There’s probably not enough of this type of conversation that happens in the industry, particularly between the service providers, possibly because we are all concerned about differentiating our offerings. However, as Arle Lommel pointed out to me, if those differentiating factors can be assimilated by someone else within the space of an afternoon, it probably wasn’t much of a differentiator!

A Personal Contribution to Global Intelligent Content

Global Intelligent Content

As Chief Technology Officer of VistaTEC, I was fortunate to be one of the founding Industrial Partners of the Science Foundation Ireland funded Centre for Next Generation Localisation (CNGL). CNGL has just received support for a further term with the overall research theme of “Global Intelligent Content”. I therefore thought it appropriate that my first post should actively demonstrate and support this vision.

So, what’s so “intelligent” about this post?

If you have any basic understanding of HTML you’ll know that the page you’re reading is composed of mark-up tags (elements) such as <p>, <span>, and <h1>, etc. The mark-up allows your browser to display the page such that it is easy to comprehend (i.e. headings, paragraphs, bold, italic, etc.) and also interact with (i.e. hyperlinks to other related web documents). You may also know that it can contain “keywords” or “tags”: individual words or phrases which indicate to search engines what the subject matter of this post is. The post certainly does contain all of these.

The page also includes a lot of “metadata“. This metadata conforms to two standards each of which is set to transform the way in which multilingual intelligent content is produced, published, discovered and consumed.

Resource Description Format in Attributes

In layman’s terms RDFa is a way of embedding sense and definition into a document in such a way that non-human agents (machines and computer programs) can read and “understand” the content. RDFa is one mechanism for building the Multilingual Semantic Web.

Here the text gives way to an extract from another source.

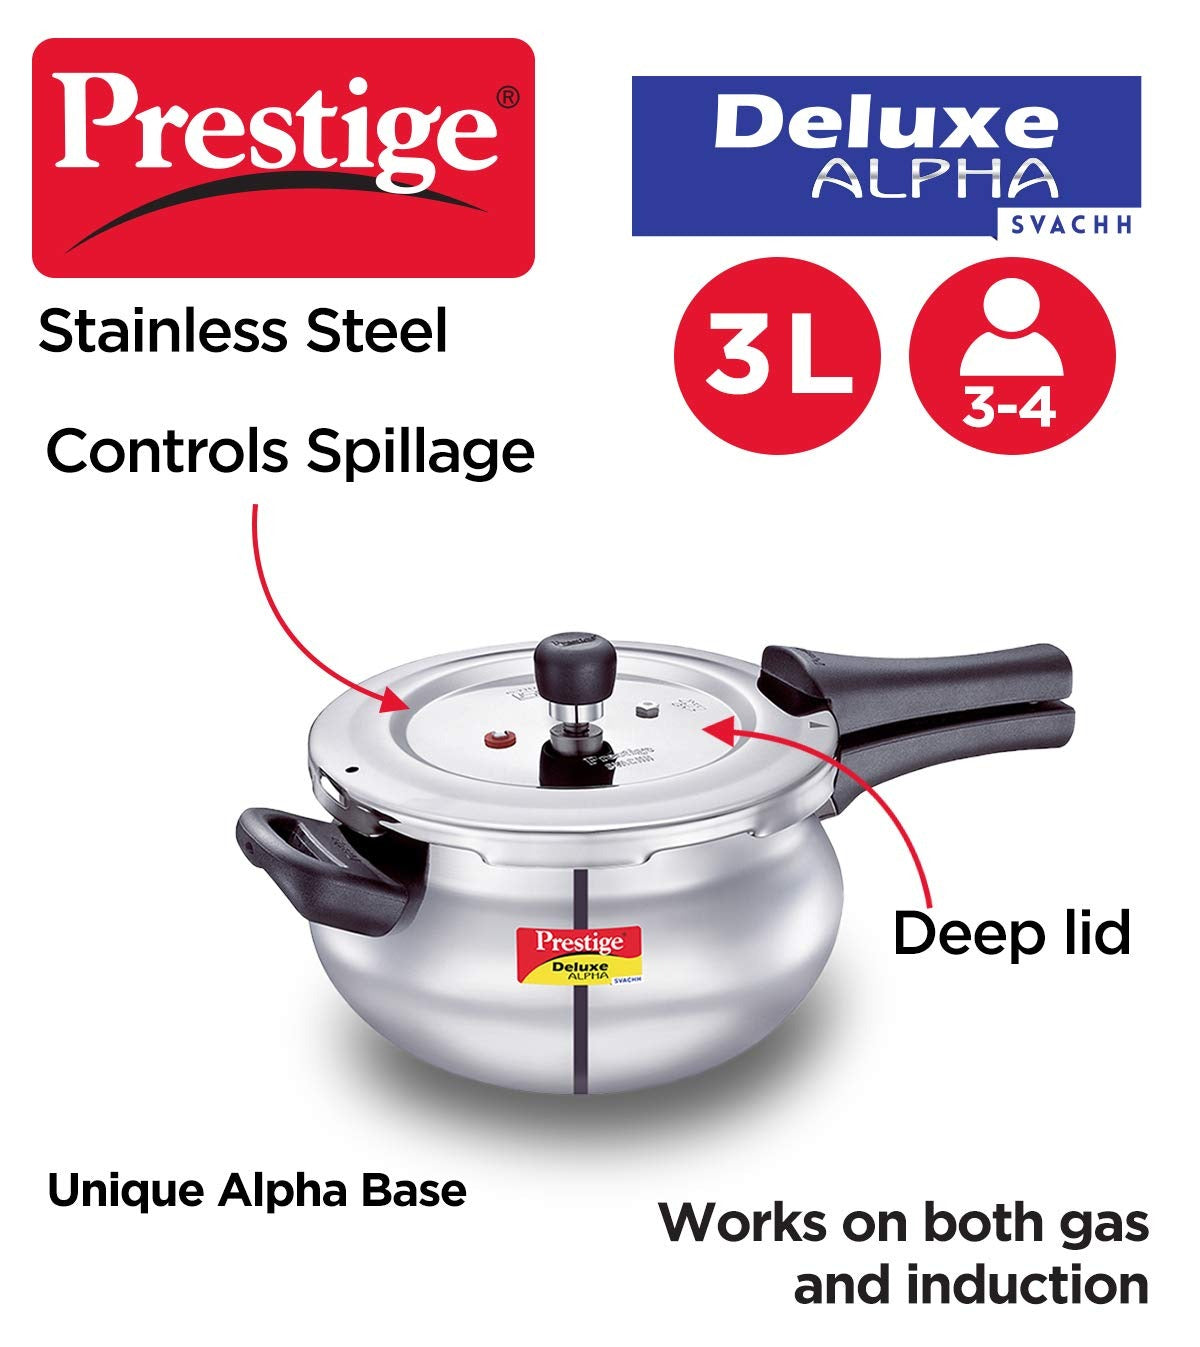 Prestige Svachh Deluxe Alpha Mini Pressure Handi, with deep lid for Spillage Control, 3 L, Stainless Steel, Silver, Outer Lid

If you right-click this page in your browser and choose “View Source” you’ll see that it contains attributes (things which allow generic HTML tags to have more unique characteristics) such as property and typeof. These allow web robots to understand those parts of the content that I have decorated at a much more fundamental level. For example, that I created the page, the vocabulary that I have used to describe people, organisations and concepts within the document, and details about them. This data can form the basis of wider inferences regarding personal and content relationships.

Internationalization Tag Set 2.0

ITS 2.0 is a brand new W3C standard which is being funded through the European Commission as the Multilingual Web (Language Technologies) Working Group; part of the W3C Internationalization Activity. Its goal is to define categories of metadata relating to the production and publishing of multilingual web content.

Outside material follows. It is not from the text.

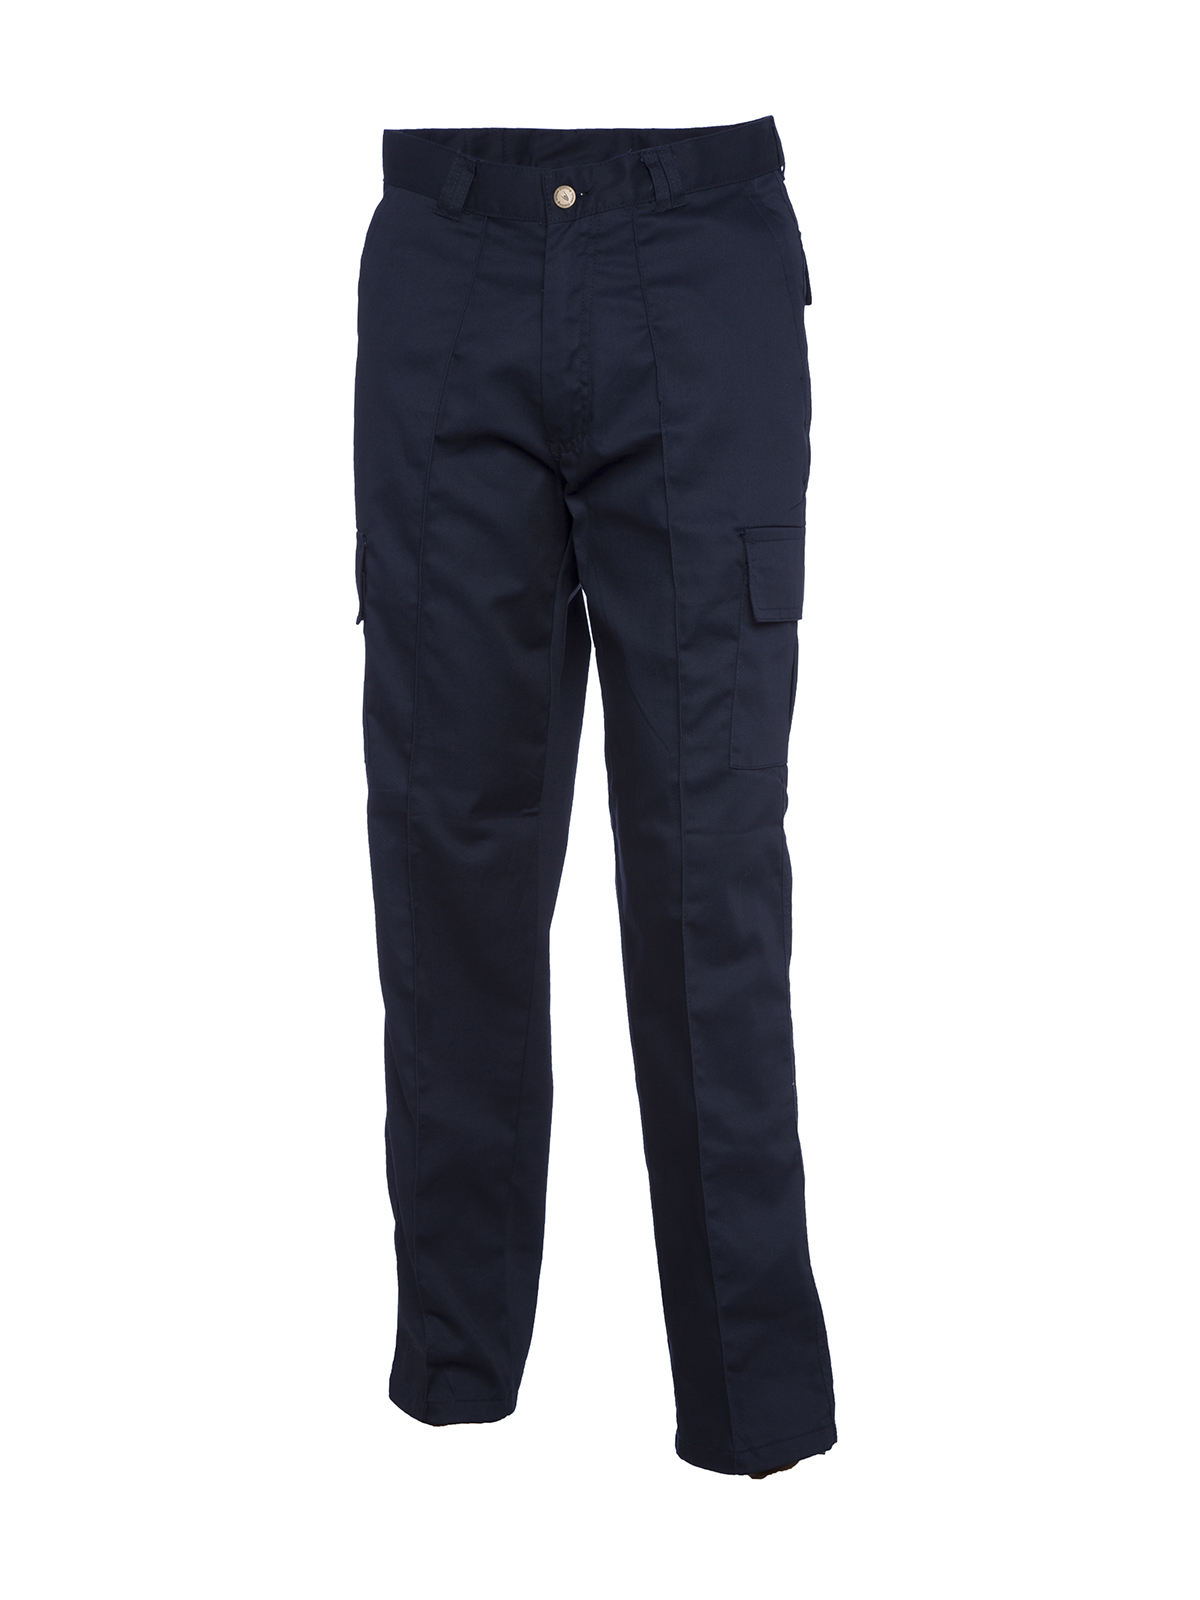 Cargo Trousers, Navy Blue - 40R

To exemplify this, the overview of ITS 2.0 below was translated from German to English using the Microsoft Bing machine translation engine. Viewing the source of this page and searching for “its-” will locate ITS Localization Quality metadata that I annotated the translations with so as to capture my review of the target English.

“The goal of MultilingualWeb LT (multilingual Web – language technologies) it is to demonstrate how such metadata encoded, safely passed on and used in various processes such as Lokalisierungsworkflows can be and frameworks such as Okapi, machine translation, or CMS systems like Drupal.
Instead of a theoretical and institutional approach to standardization, LT-Web aims to develop implementations, which concretely demonstrates the value of metadata with real systems and users. The resulting conventions and results are documented and published as a W3C standard, including the necessary documentation, data and test suite, as the W3C standardization process requires it.”

Summary

I’m very excited about Global Intelligent Content. This post is a very small and personal contribution to the vision but hopefully it illustrates in a simple way what it is about and some of its possibilities.